When we give a molecule enough energy, its electrons can jump to higher orbitals and then return to ground state, releasing EMR with a frequency proportional to the energy gap. So if we heat food, is there a chance that some electron received enough energy to jump up to a really high energy level?

• Sure, but you'd be hard-pressed to call it "food" at that point, as it'd be dissociated into atomic substituents at best. – Todd Minehardt Jun 11 '16 at 15:15
• Agreed! However, this is worth the "Mythbuster" treatment. If we cannot generate x-rays at reasonable food temperatures, what would it take and what would we have left? See my answer below. – Ben Norris Jun 11 '16 at 15:23
• Your description in terms of bound states of an isolated molecule inside the food doesn't really work. Food is solid or liquid (condensed matter), so the molecules don't exist in isolation. If you did have, say, an isolated water molecule (in steam), it would only have bound states with energies up to some limit, which would be on the order of 1 eV. Any states with higher energies would be states in which the molecule had been ionized or dissociated. As explained in Ben Norris's answer, condensed matter emits a continuous spectrum of radiation, so it's a completely different deal. – Ben Crowell Jun 11 '16 at 21:14
• Can "hot" food ever emit x-rays or gamma rays? // Seems like a Freudian slip. I'm sure vegetables from Chernobyl and Fukushima would be "hot." – MaxW Jun 11 '16 at 22:35
• While not quite related to your question, if you really want to create X-rays in your kitchen, you'd have more success using scotch tape. Though your kitchen would have to be particularly well equipped to include the necessary vacuum chamber. – Johnny Jun 12 '16 at 3:40

In theory, yes, you can heat objects to a high enough temperature to emit x-rays or gamma rays. You cannot do this to food, and you certainly cannot do this in your kitchen (or probably any kitchen).

Let's take the lowest energy x-ray out there and see what it would take. X-rays range in frequency from $30 \times 10^{ 16}$ to $30\times 10^{10}$ hertz. The energy of one photon of 30 petahertz radiation is:

$$E=h\nu = \left(6.626\times 1-^{-34}\mathrm{\ j\cdot s}\right)\left(30\times 10^{16}\ \mathrm{s^{-1}}\right) = 1.988 \times 10^{-16}\ \mathrm{J}$$

This is not a lot of energy! However, a single photon is boring. Let's consider a mole of photons. This will also ease comparison with other phenomena, whose energies are listed per mole of events.

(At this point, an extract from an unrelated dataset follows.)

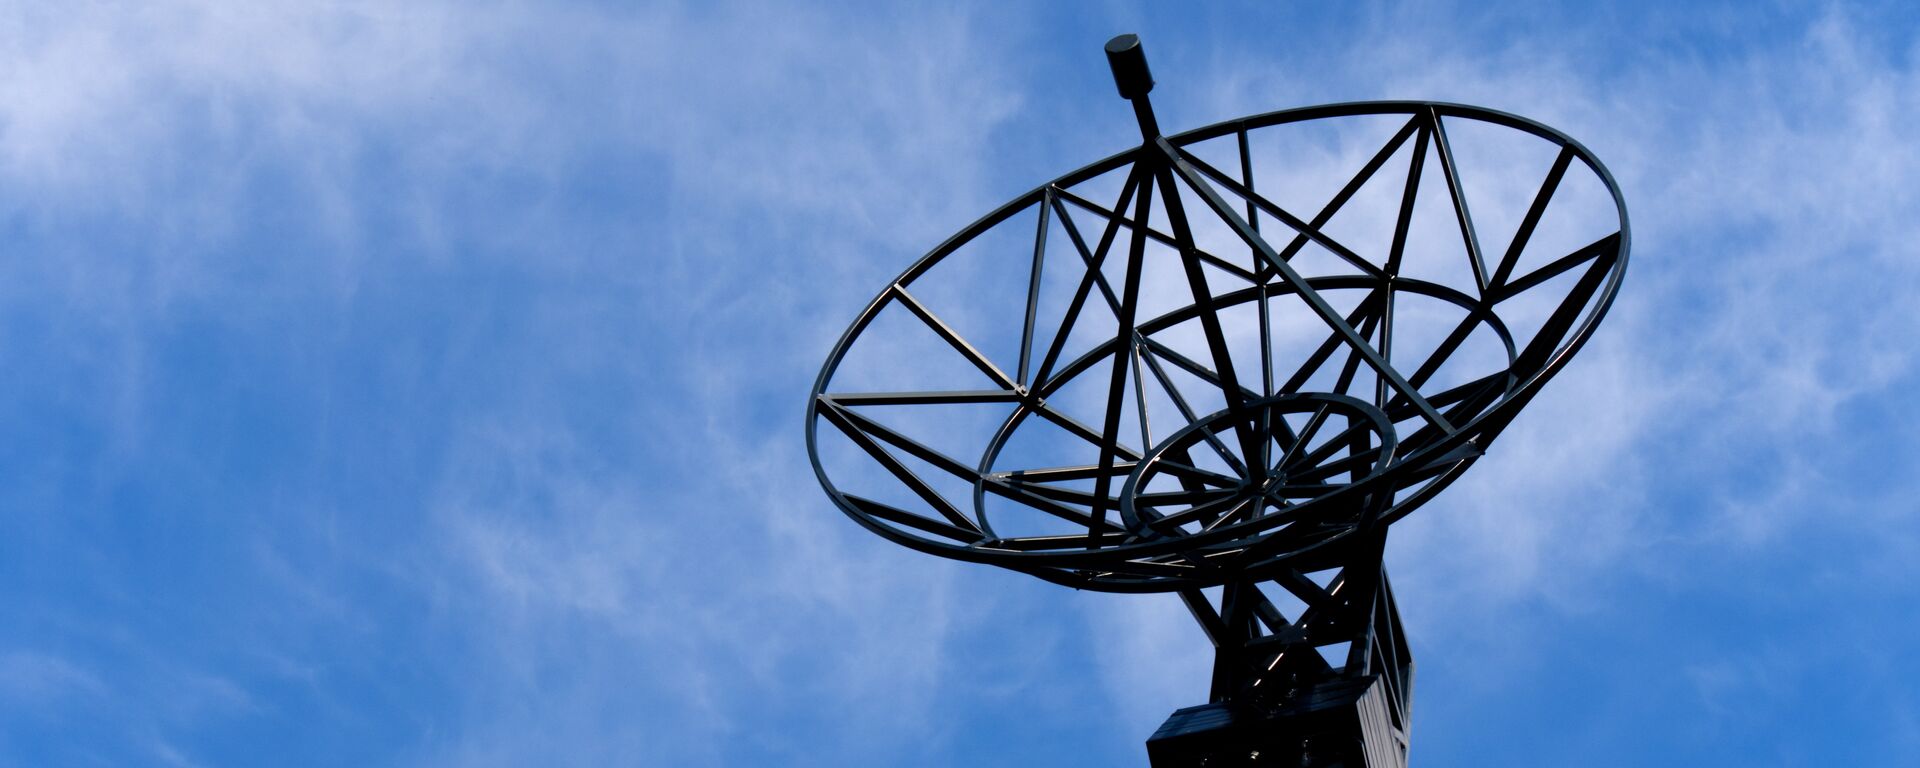 Un radar (imagen referencial) - Sputnik Mundo, 1920, 08.11.2021
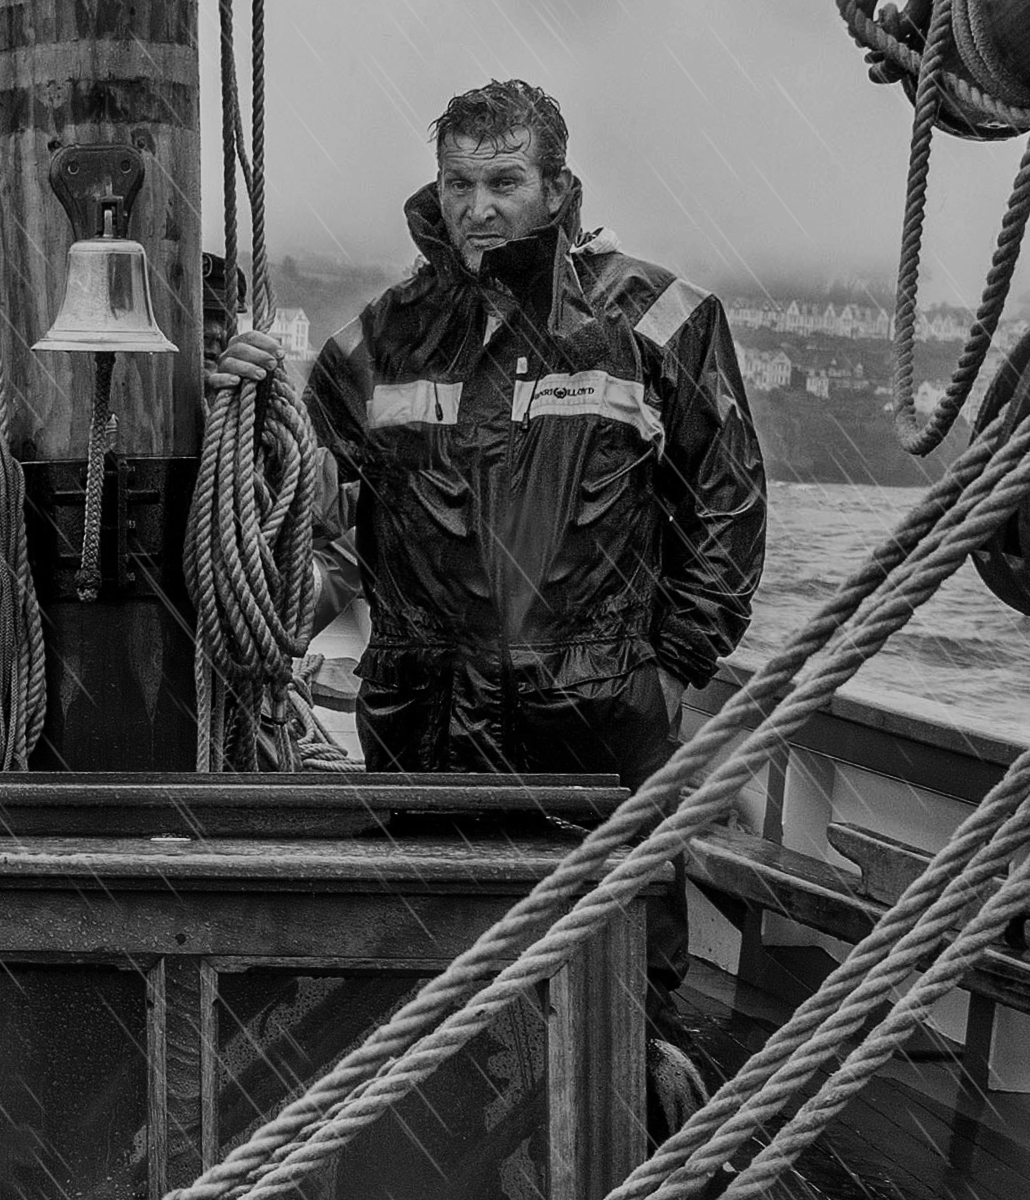 The Joys of Sailing by Ian Kippax

$$1.988 \times 10^{-16}\ \mathrm{J} \times 6.022\times 10^{23}\ \mathrm{mol^{-1}}=1.197\times 10^8\ \mathrm{J\cdot mol^{-1}}$$

In theory, if you could pump that much energy into something, you should get some high energy photons out. In practice, it does not work that way. Other stuff happens first. To simplify our example, let's just consider 1 mole of water (18.0 grams) and heat it up. The fate of basically any other matter will be the same, but the energy required will vary a bit.

First, adding energy heats the water. If we start at room temperature $\left(20\ ^\circ\mathrm{C}\right)$, if takes $80\ ^\circ\mathrm{C}\times 18\ \mathrm{g}\times 4.184\ \mathrm{J\cdot g^{-1}\cdot ^\circ C^{-1}}=6025\ \mathrm{J}$ t heat that water to boiling. It takes 40.66 kJ to convert the water into gas. Neither of these puts a big dent in our energy. It takes further energy to heat the water vapor again, but let's see how far we need to take it.

Once we get enough energy into our sample of water, the molecules start to fall apart.

$$\ce{ H2O(g) -> 2H(g) + O(g)} \ \Delta H^\circ =+920\ \mathrm{kJ\cdot mol^{-1}}\ \Delta S^\circ =0.202\ \mathrm{kJ\cdot mol^{-1}\cdot K^{-1}}$$

By fixing $\Delta G=0$ at equilibrium, we can solve for a temperature at which this reaction becomes spontaneous:

$$T=\dfrac{\Delta H}{\Delta S}=\dfrac{+920\ \mathrm{kJ\cdot mol^{-1}}}{0.202\ \mathrm{kJ\cdot mol^{-1}}\cdot K^{-1}}=4596\mathrm{K}$$

We need to heat our water vapor up an additional 4218 K, which takes $19\ \mathrm{g}\times 1.996\ \mathrm{J\cdot g^{-1}\cdot K^{-1}}\times 418\ \mathrm{K}=151.5\times 10^3 \mathrm{J}$.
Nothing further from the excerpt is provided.